──────── DATASET EXTRACT

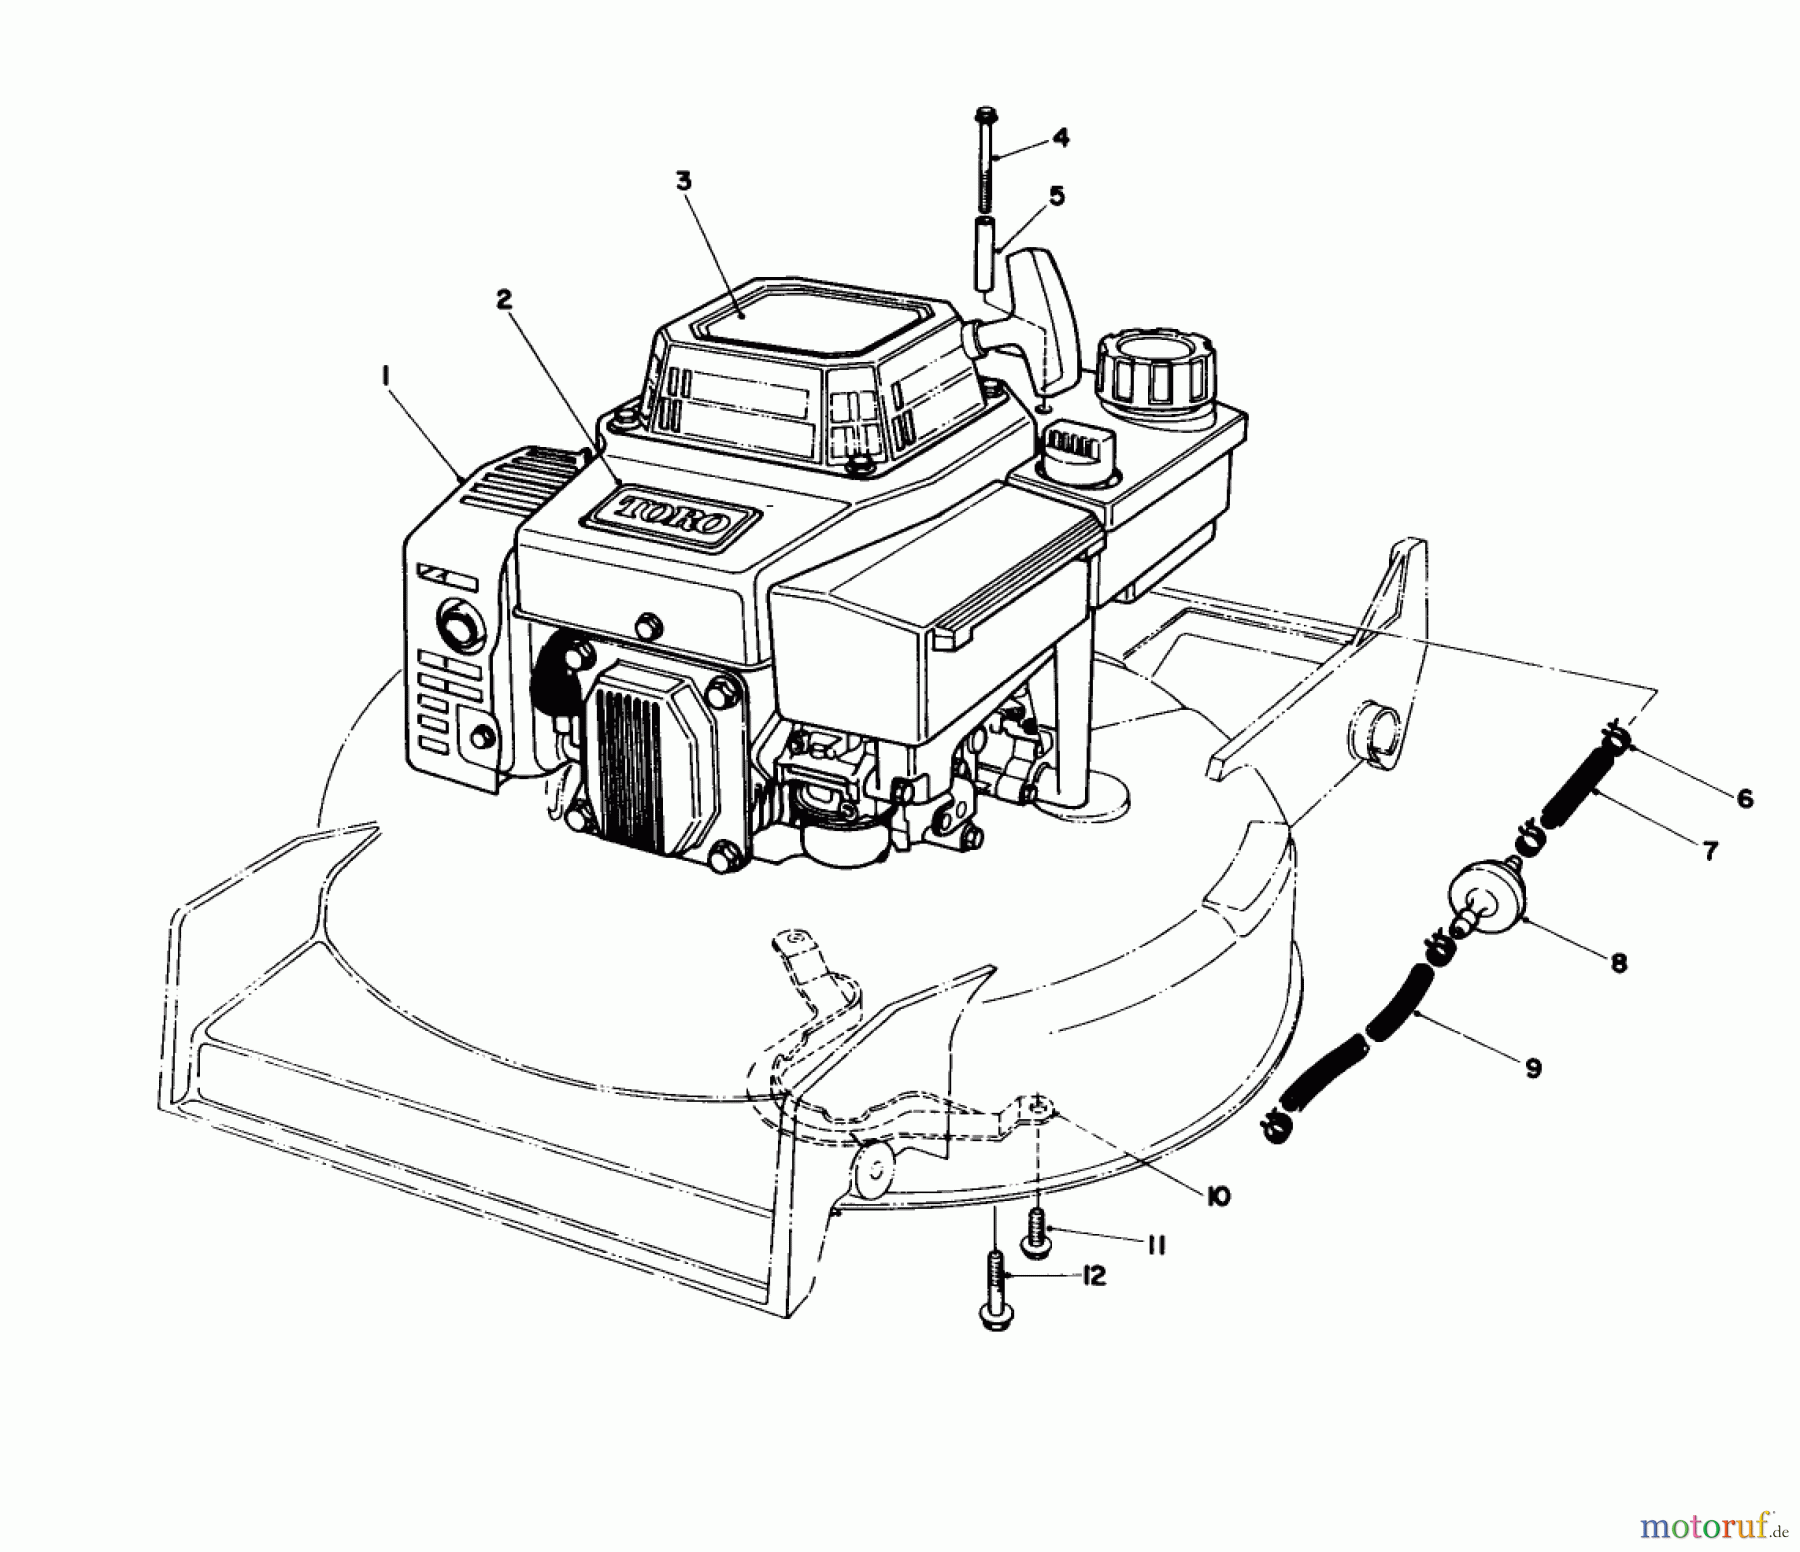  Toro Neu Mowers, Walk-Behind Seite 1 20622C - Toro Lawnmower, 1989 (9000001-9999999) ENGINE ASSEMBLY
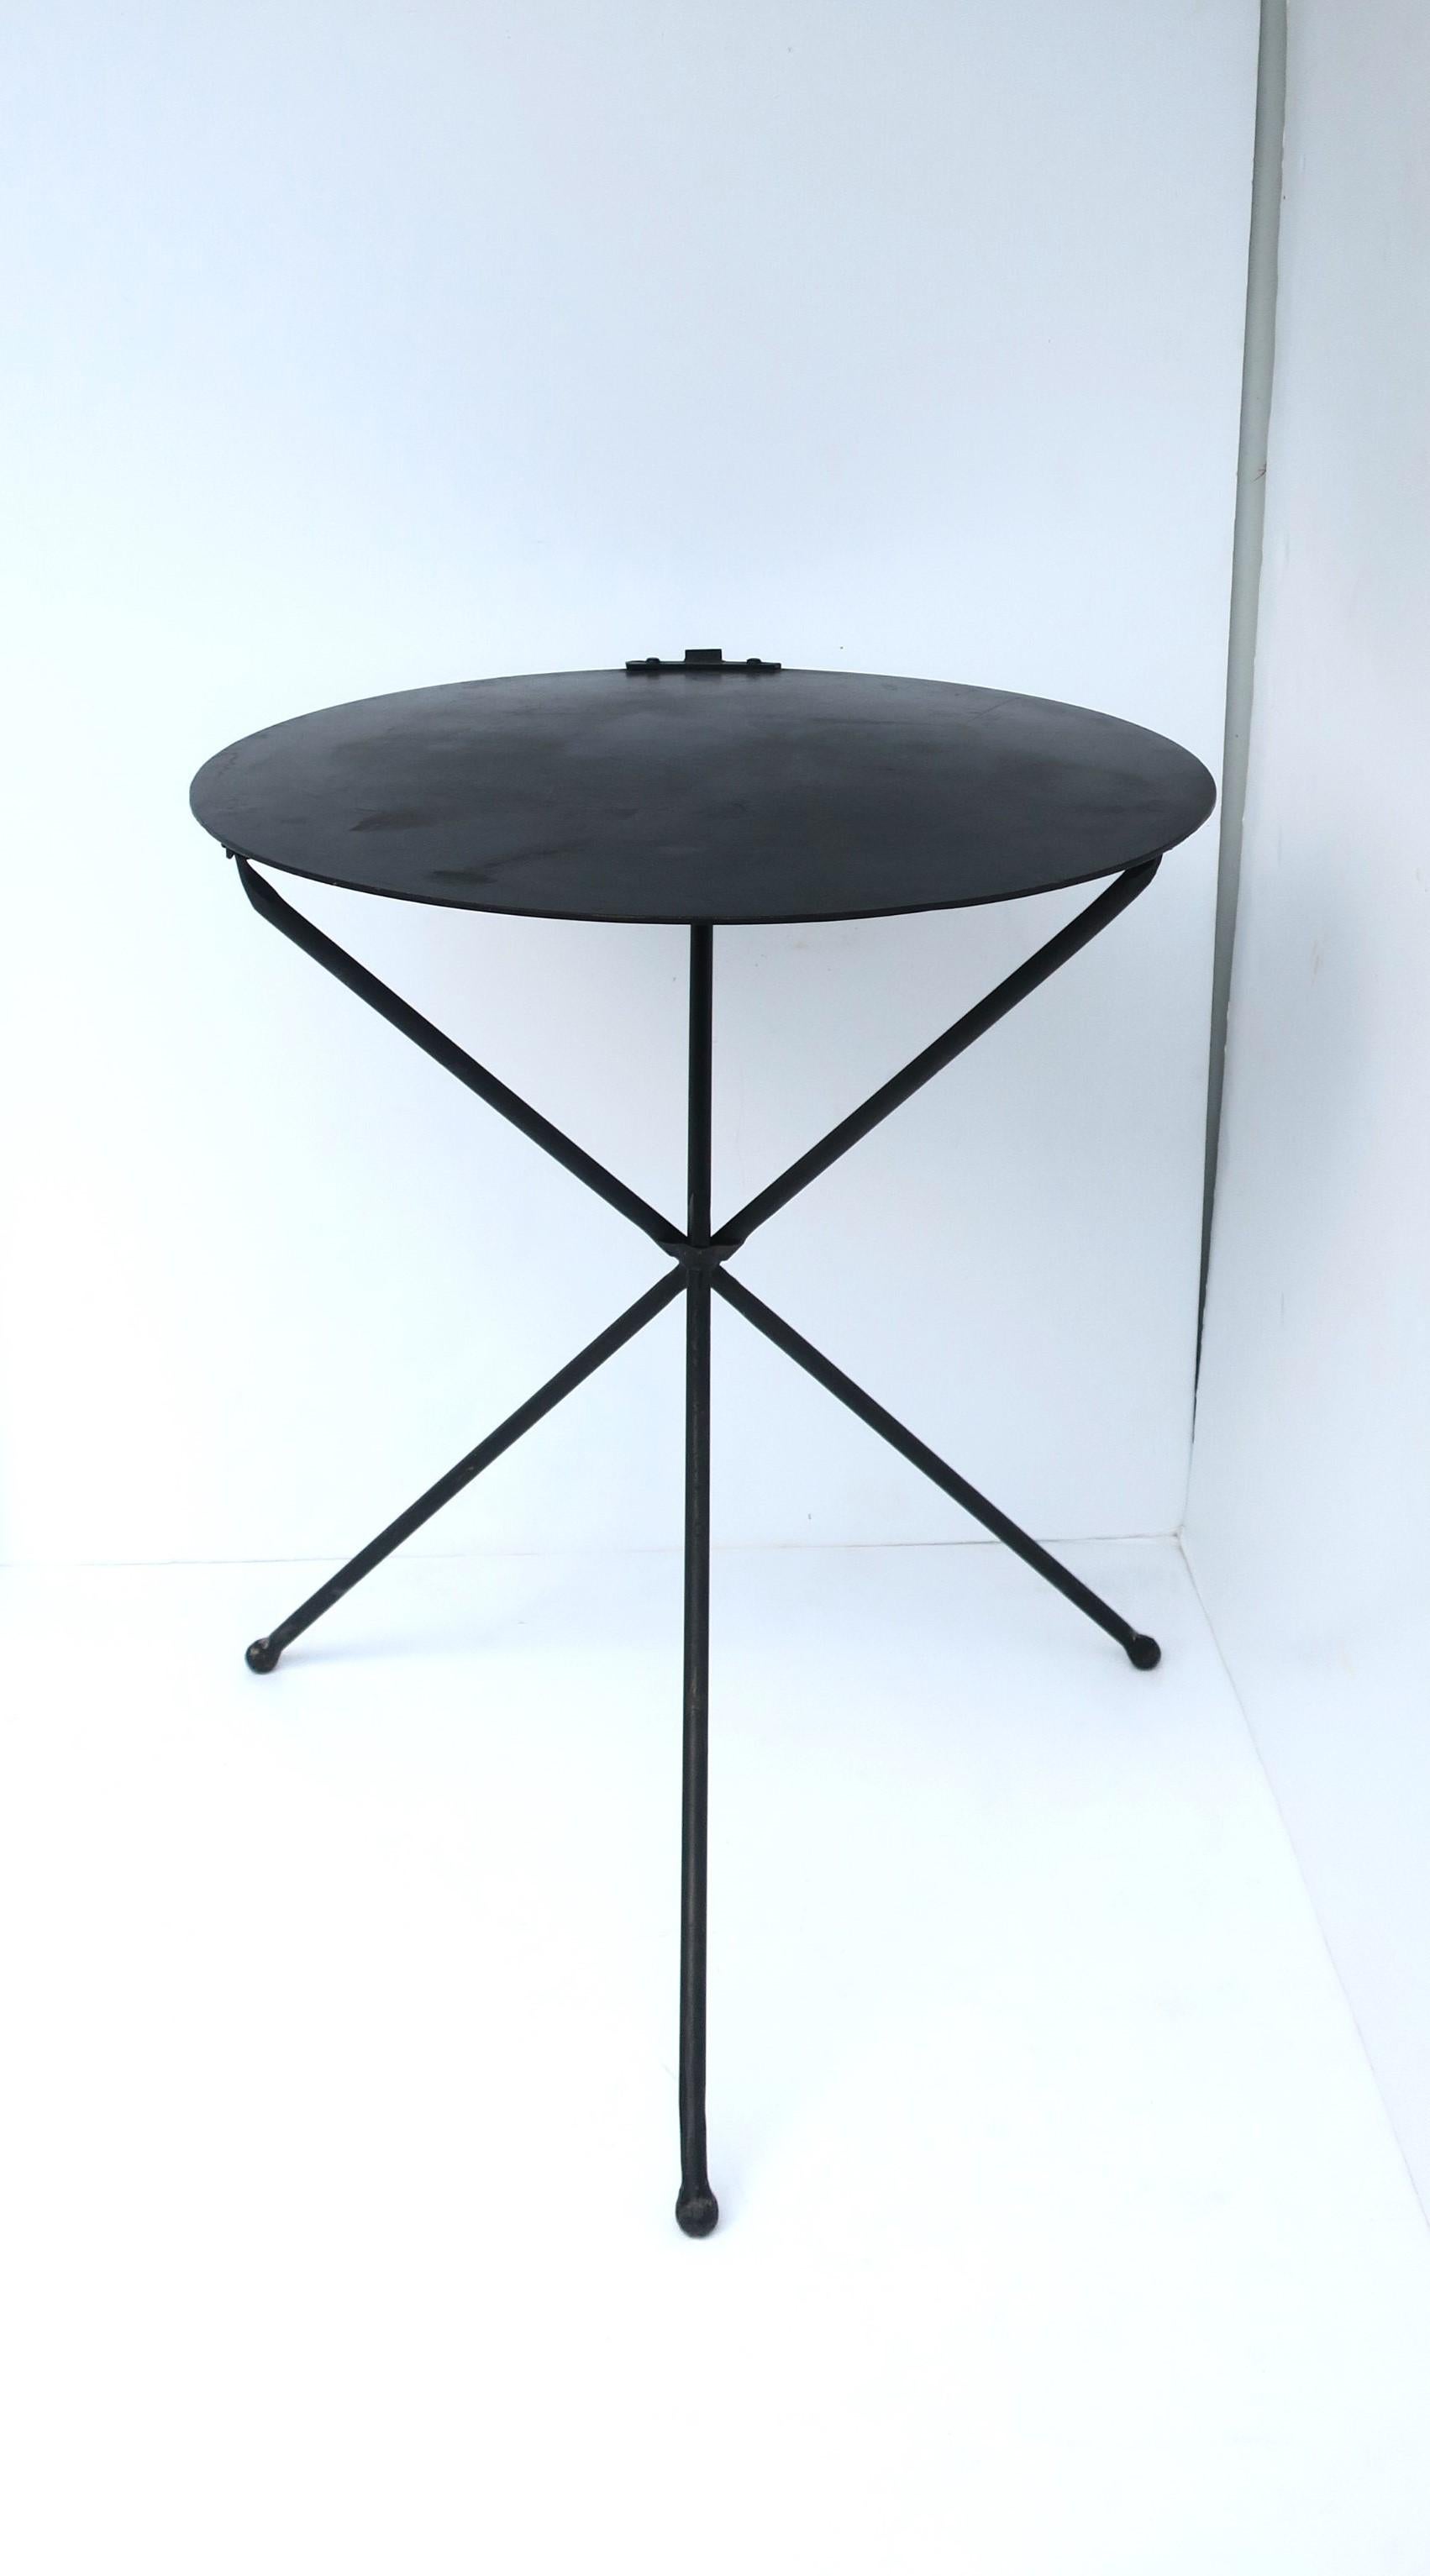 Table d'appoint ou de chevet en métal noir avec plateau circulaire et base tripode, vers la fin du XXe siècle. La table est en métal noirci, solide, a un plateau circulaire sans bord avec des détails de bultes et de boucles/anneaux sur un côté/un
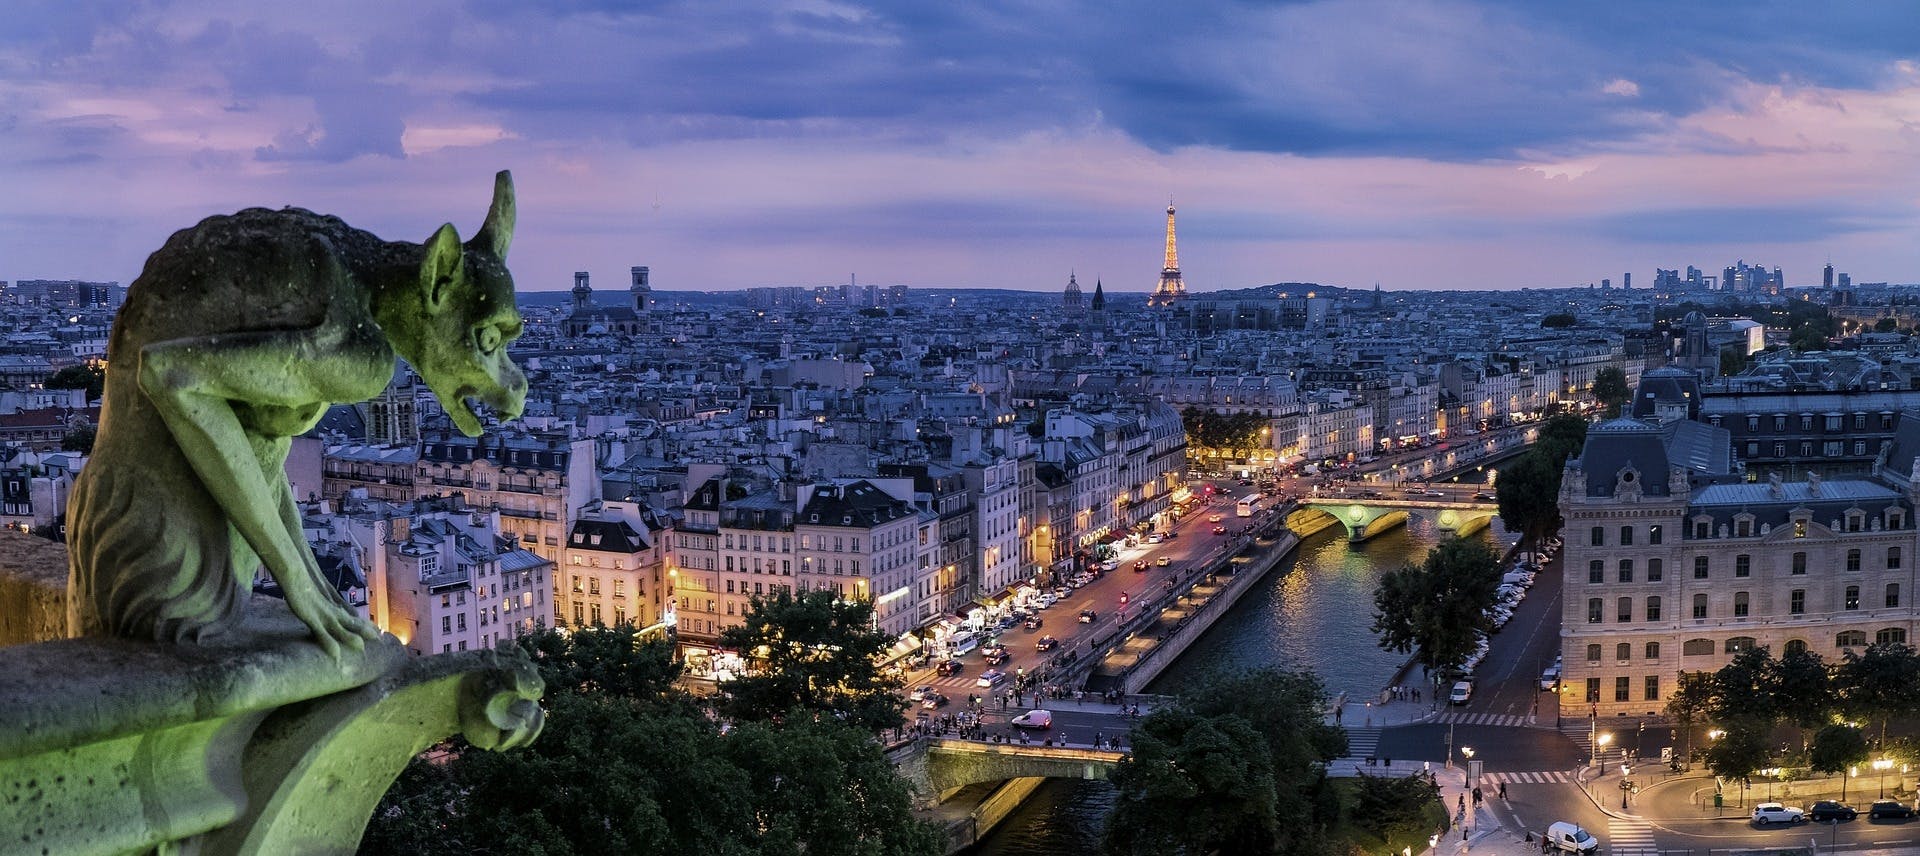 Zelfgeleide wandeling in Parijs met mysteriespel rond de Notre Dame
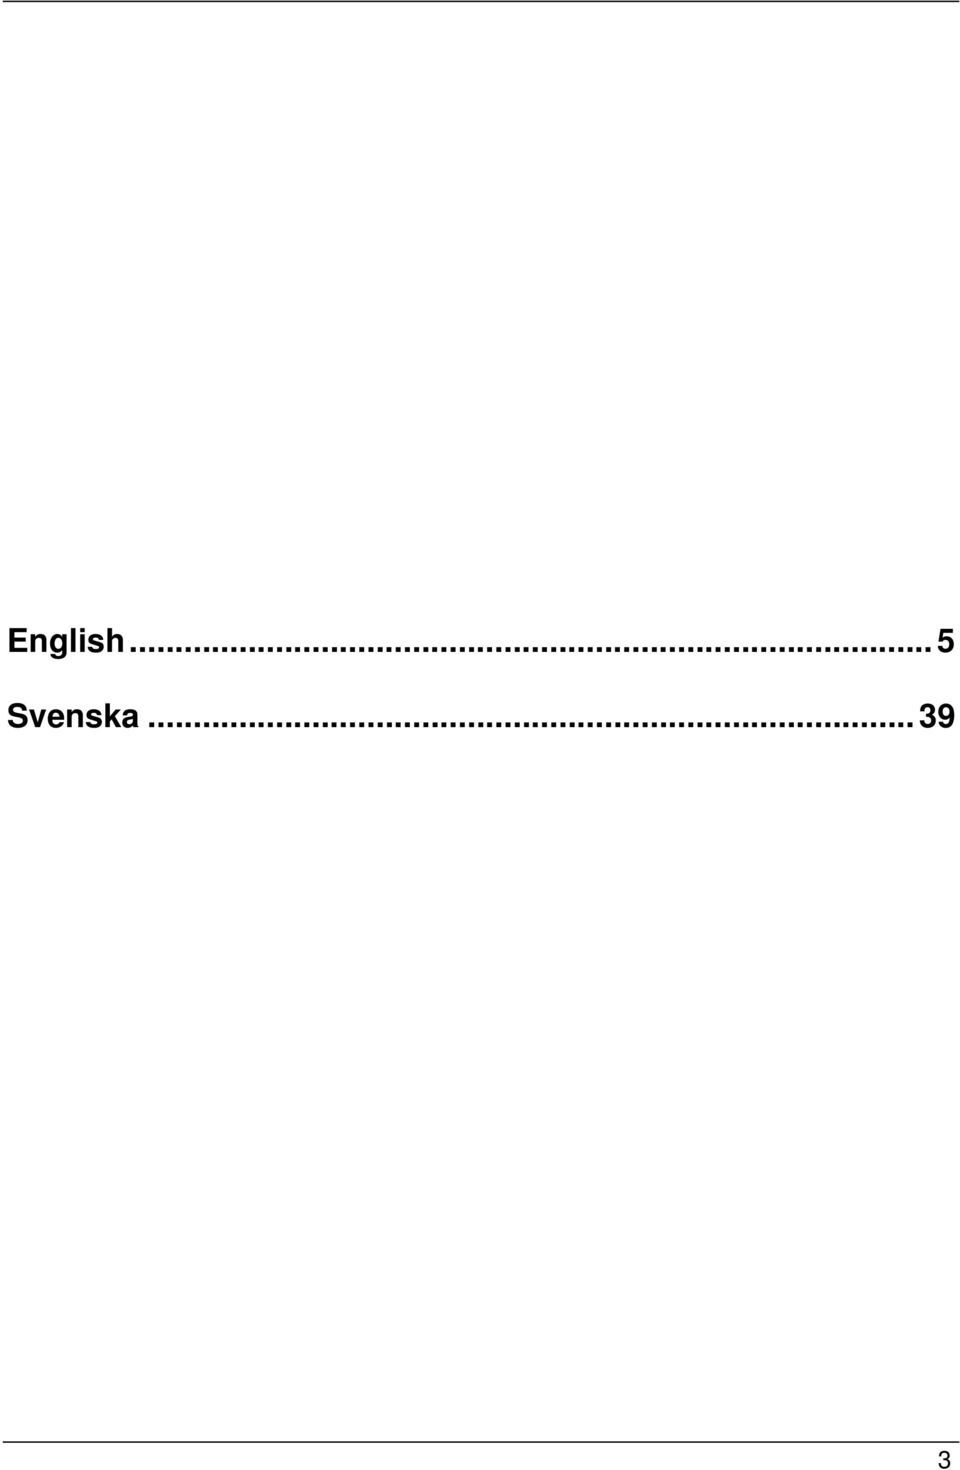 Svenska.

────────────────

**WHAT TO WORK ON:** Beginning with the line that contains "Zelfgeleide wandeling in" and ending with the final line of the material, reproduce those lines exactly and nothing else. Omit the pictures.

**SOLVED PROBLEM:**
 Zelfgeleide wandeling in Parijs met mysteriespel rond de Notre Dame
 Svenska.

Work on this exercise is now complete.